Referring to fig. 1, an embodiment of the present invention provides a method for dividing a camouflage target image based on multi-level feature fusion, where the method includes, but is not limited to, steps S100 to S700, where:
step S100, obtaining a camouflage target image to be segmented;
step 200, performing multi-level feature extraction on a camouflage target image to be segmented by adopting different network layers through a first branch network and a second branch network to obtain a first feature image of multiple layers output by the first branch network and a second feature image of multiple layers output by the second branch network;
step S300, carrying out global feature enhancement on the first feature map of each level to obtain global features after multiple levels of enhancement; carrying out local feature enhancement on the second feature map of each level to obtain local features after multiple levels of enhancement; carrying out feature fusion on the reinforced local features of each level and the reinforced global features of the same level to obtain fusion features of multiple levels;
step S400, conducting boundary guiding on the fusion characteristics of two shallow network layers in the fusion characteristics of multiple layers to obtain a boundary diagram;
Step S500, carrying out feature interaction on fusion features of adjacent network layers in the fusion features of multiple layers to obtain multiple interaction features;
step S600, respectively carrying out boundary fusion on the boundary map and each interactive feature in the plurality of interactive features to obtain a plurality of boundary fusion features;
step S700, based on a plurality of boundary fusion features, segmenting a camouflage target image in the camouflage target images to be segmented, wherein the camouflage target image corresponds to each boundary fusion feature.
In steps S100 to S700 of some embodiments, in order to better extract features in the target image, in this embodiment, multiple levels of feature extraction are performed on the camouflage target image to be segmented by adopting different network layers through the first branch network and the second branch network, so as to obtain multiple levels of first feature images output by the first branch network and multiple levels of second feature images output by the second branch network; in order to provide comprehensive feature information for accurately dividing a camouflage target image, the embodiment obtains global features after multiple layers of enhancement by carrying out global feature enhancement on the first feature map of each layer; carrying out local feature enhancement on the second feature map of each level to obtain local features after multiple levels of enhancement; carrying out feature fusion on the reinforced local features of each level and the reinforced global features of the same level to obtain fusion features of multiple levels; in order to generate a high-quality boundary map, the boundary map is obtained by conducting boundary guidance on the fusion characteristics of two shallow network layers in the fusion characteristics of multiple layers; in order to obtain comprehensive feature expression, in the embodiment, feature interaction is performed on the fusion features of adjacent network layers in the fusion features of multiple layers to obtain multiple interaction features; in order to improve the accuracy of the camouflage target image segmentation, in the embodiment, boundary fusion is performed on the boundary map and each interactive feature in the plurality of interactive features respectively to obtain a plurality of boundary fusion features, and the camouflage target image in the camouflage target image to be segmented corresponding to each boundary fusion feature is segmented based on the plurality of boundary fusion features.

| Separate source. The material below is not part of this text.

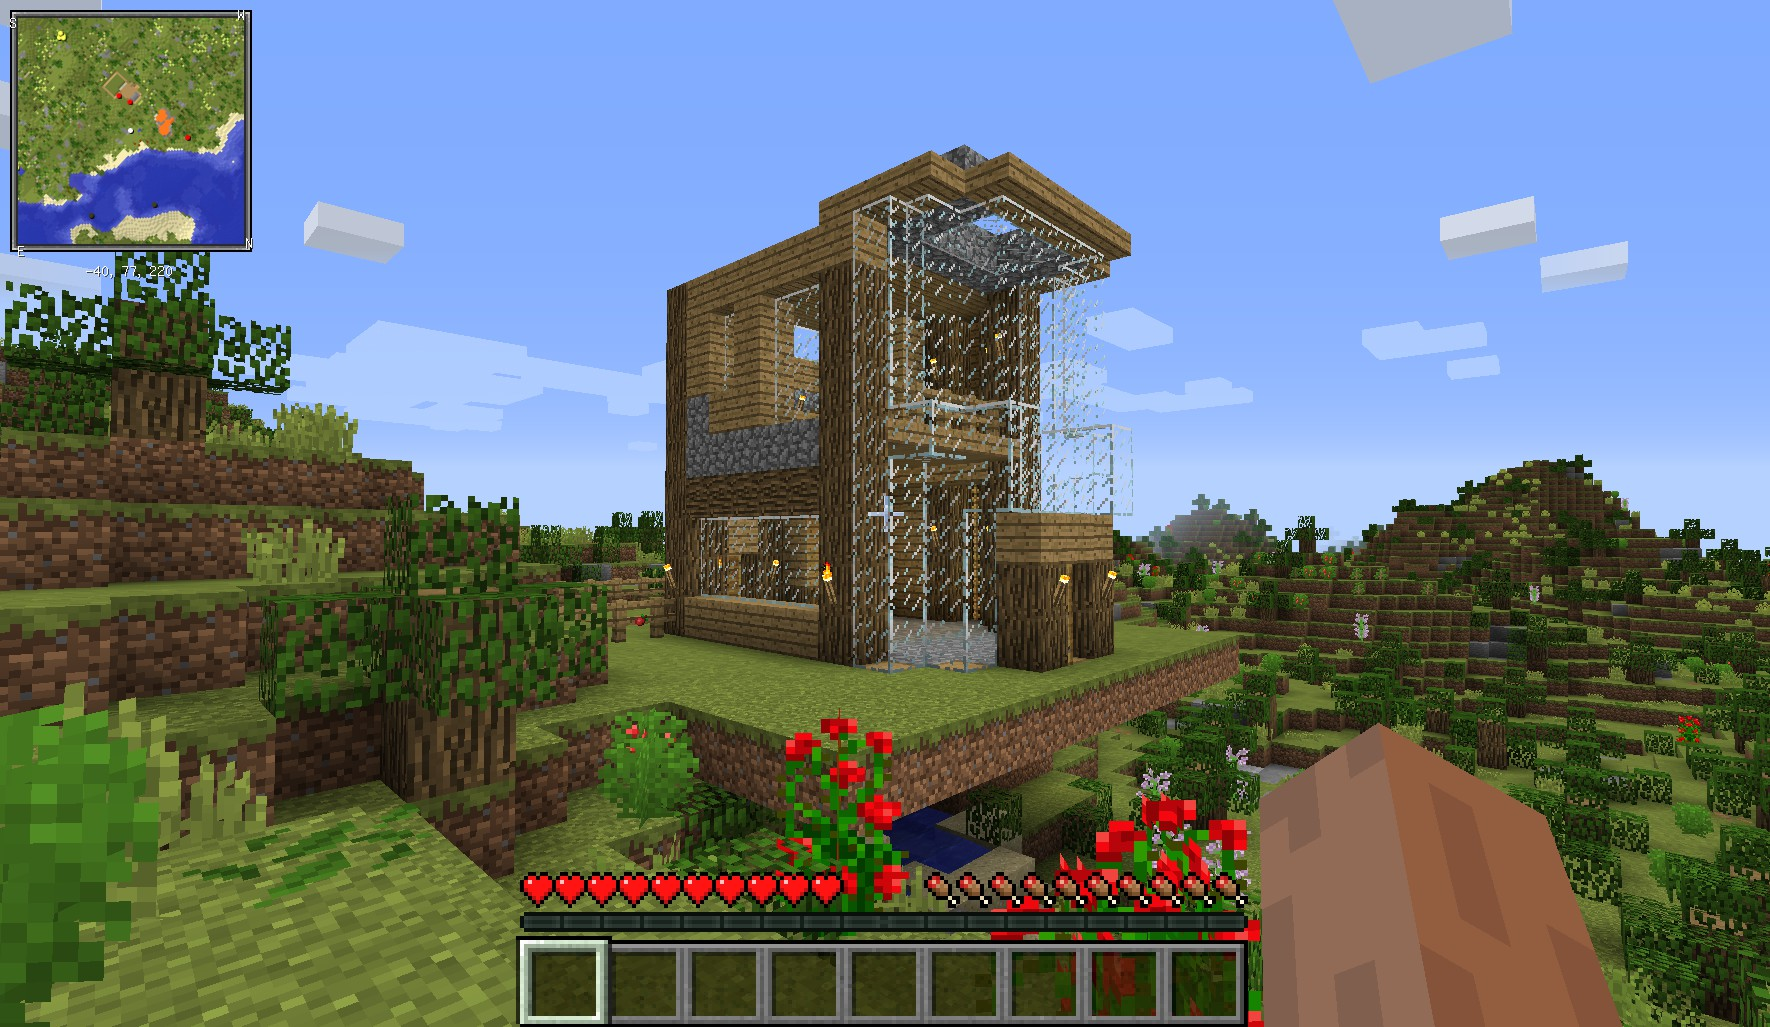 minecraft_049.jpg

In some embodiments, the method includes performing multi-level feature extraction on a camouflage target image to be segmented by using different network layers through a first branch network and a second branch network to obtain a first feature map of multiple levels output by the first branch network and a second feature map of multiple levels output by the second branch network, including:
extracting features of global context information of a camouflage target image to be segmented by adopting different network layers through a first branch network to obtain a first feature map of multiple layers output by the first branch network;
and extracting the characteristics of the local detail information of the camouflage target image to be segmented by adopting different network layers through the second branch network, and obtaining a plurality of layers of second characteristic diagrams output by the second branch network.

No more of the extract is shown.